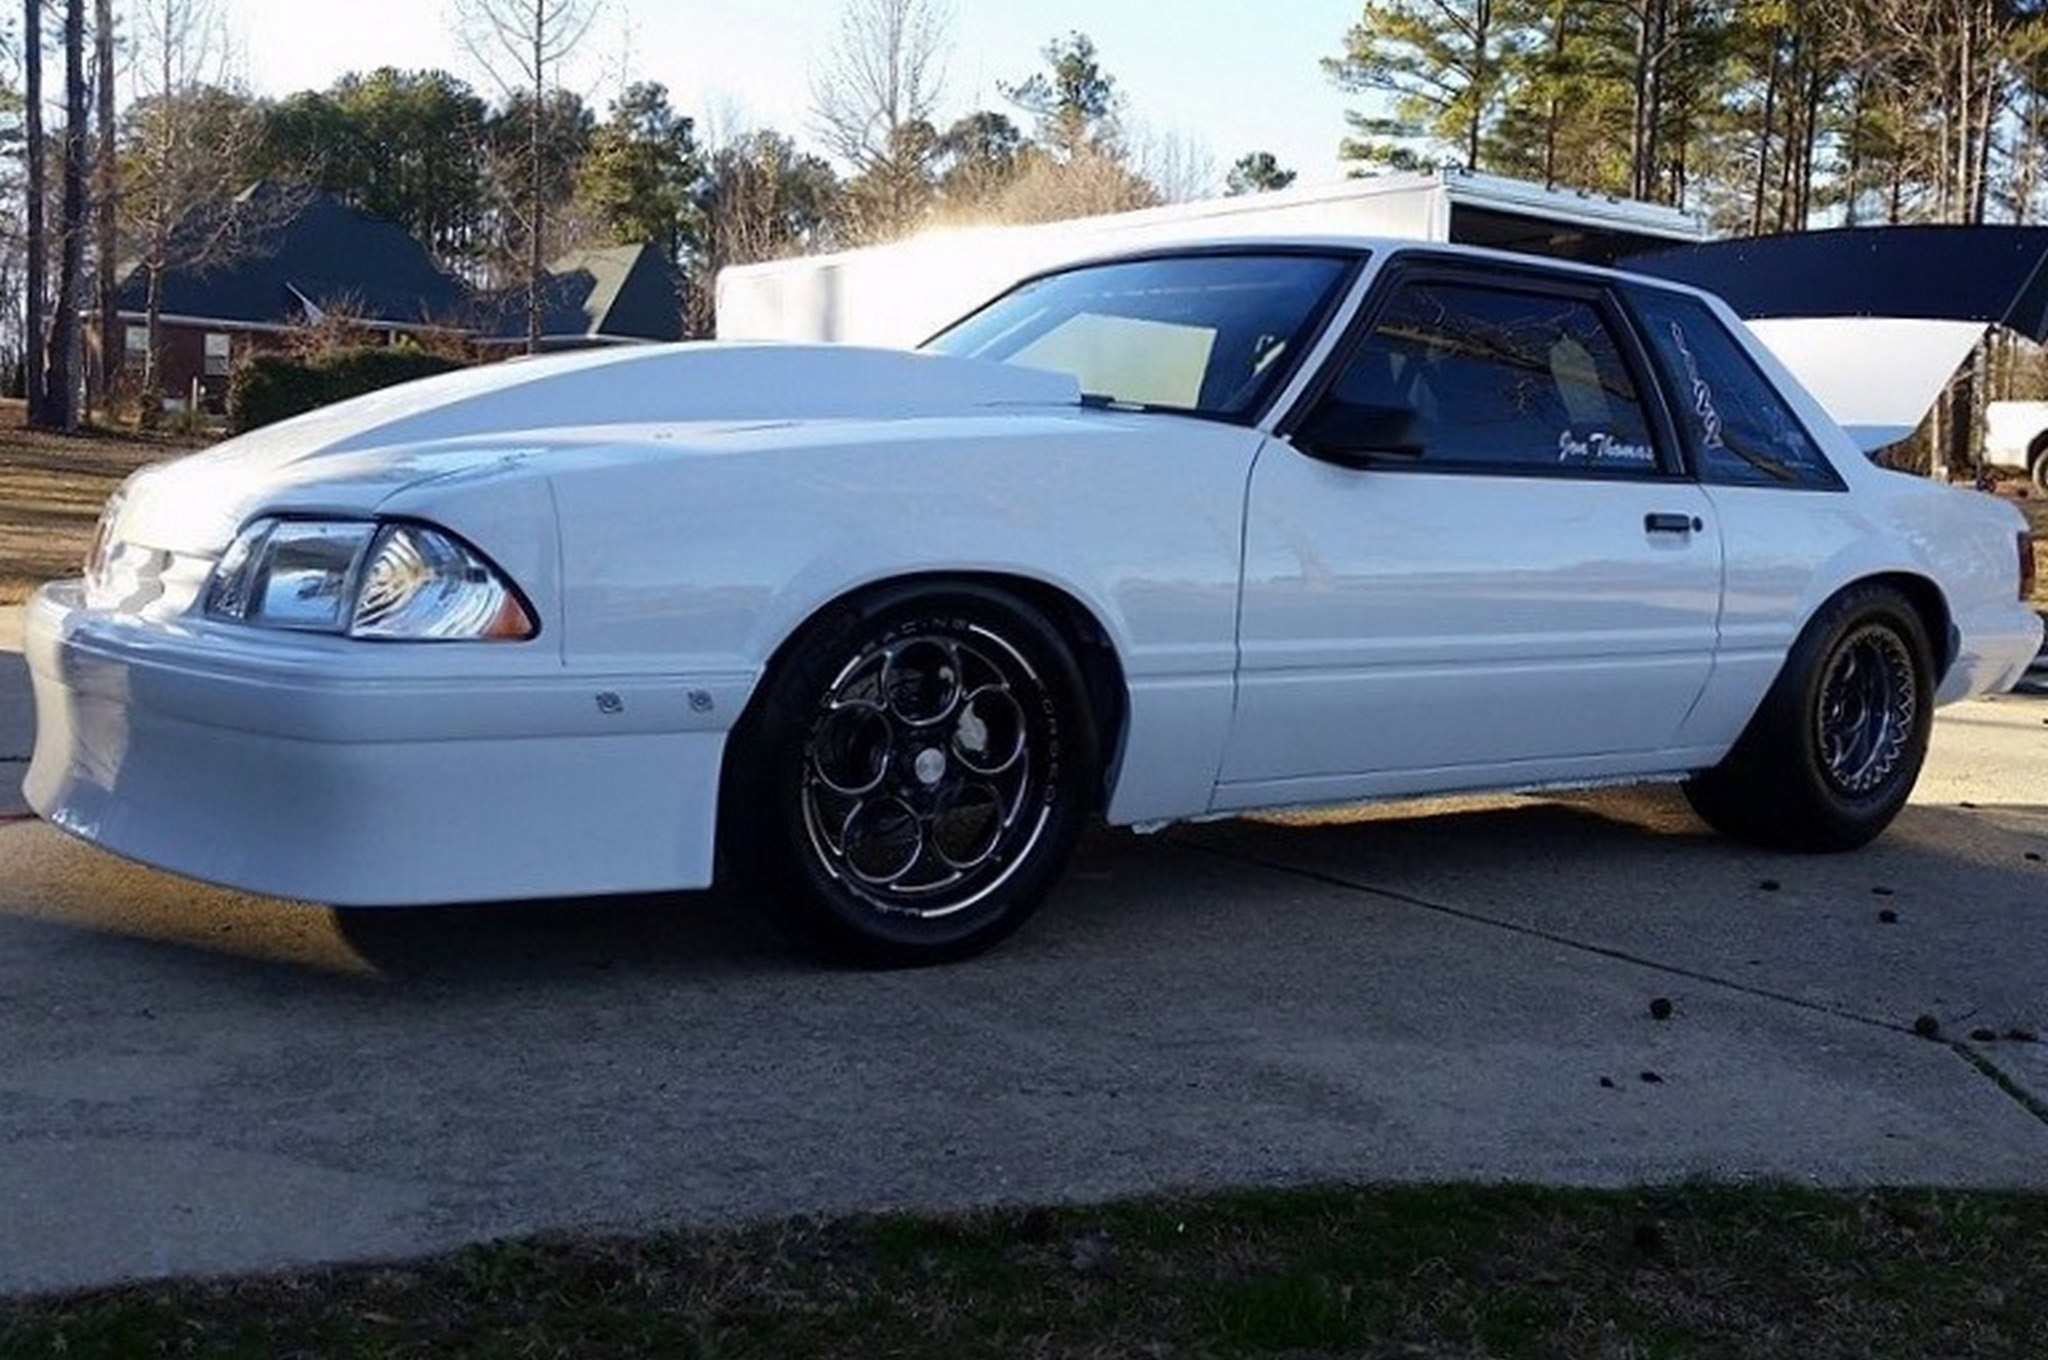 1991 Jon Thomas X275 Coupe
━━━━━━
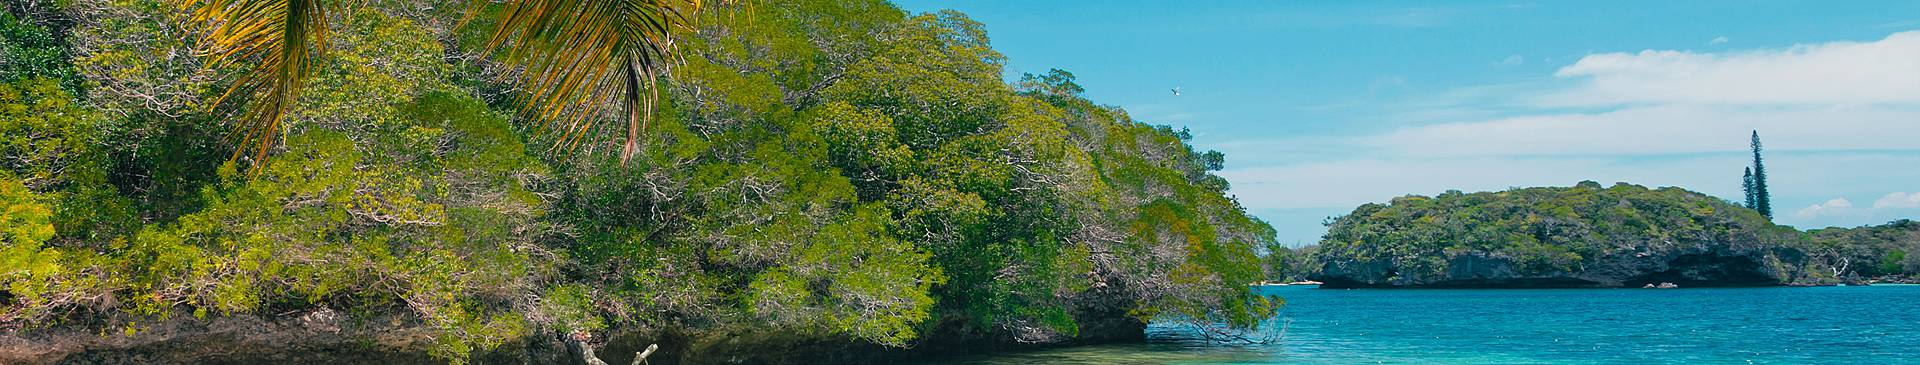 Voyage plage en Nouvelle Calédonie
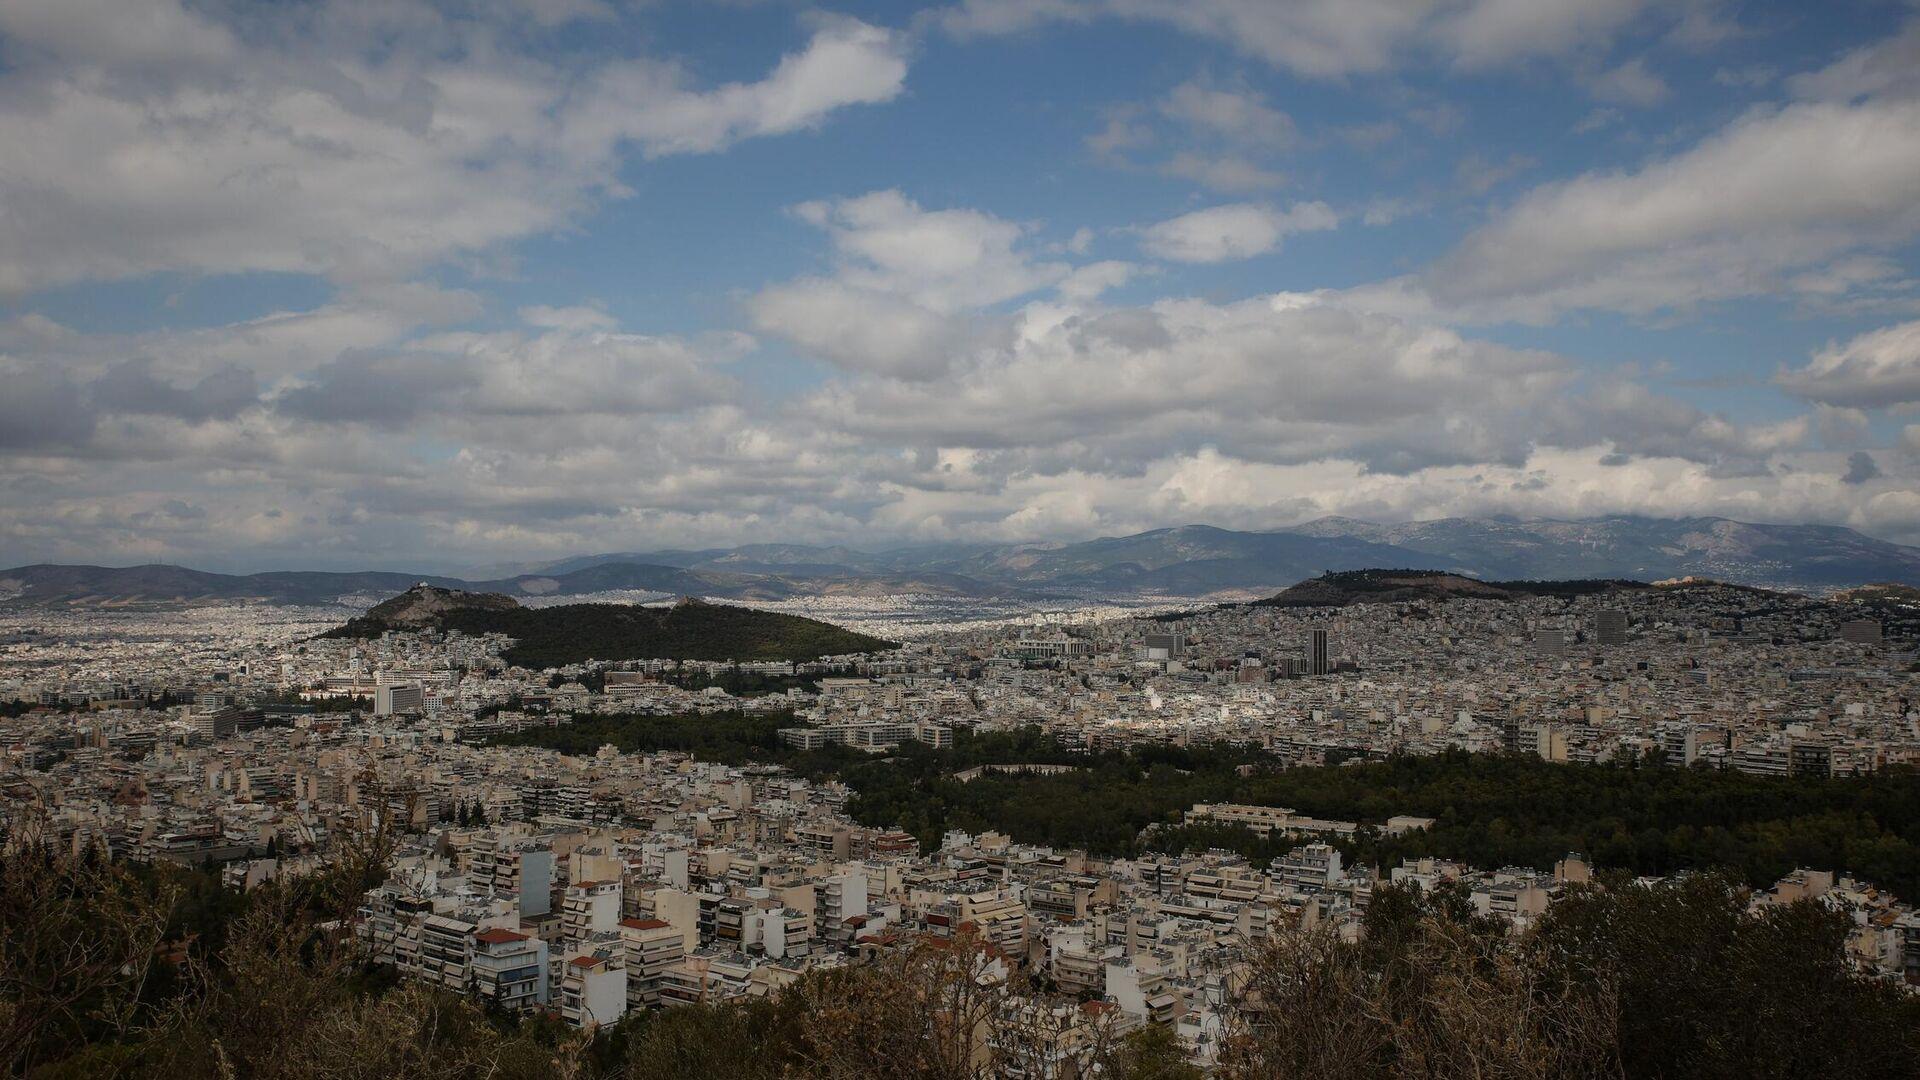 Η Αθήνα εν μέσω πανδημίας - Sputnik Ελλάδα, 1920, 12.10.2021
━━━━━━
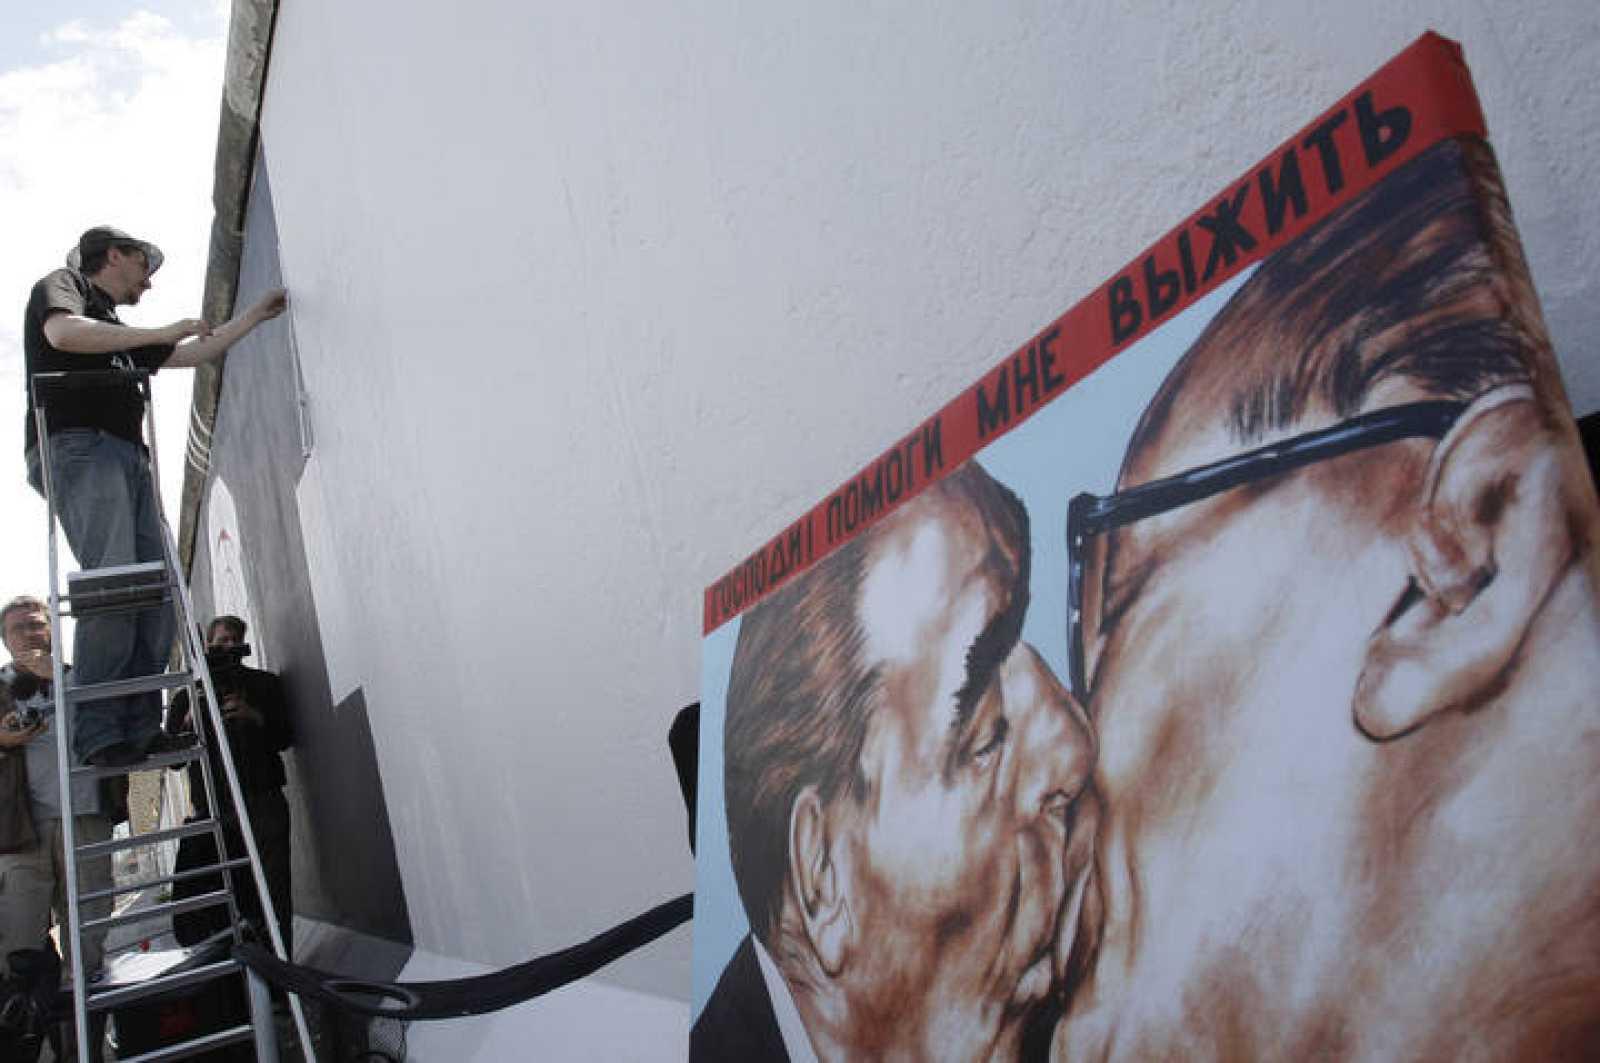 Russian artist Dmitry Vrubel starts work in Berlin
━━━━━━
• Your instructions
Having found the line with "Voyage plage en Nouvelle Calédonie" and the line with "Η Αθήνα εν μέσω" in the material above, write out exactly those two and every line between, leaving the pictures out.

• Written solution
 Voyage plage en Nouvelle Calédonie
 Η Αθήνα εν μέσω πανδημίας - Sputnik Ελλάδα, 1920, 12.10.2021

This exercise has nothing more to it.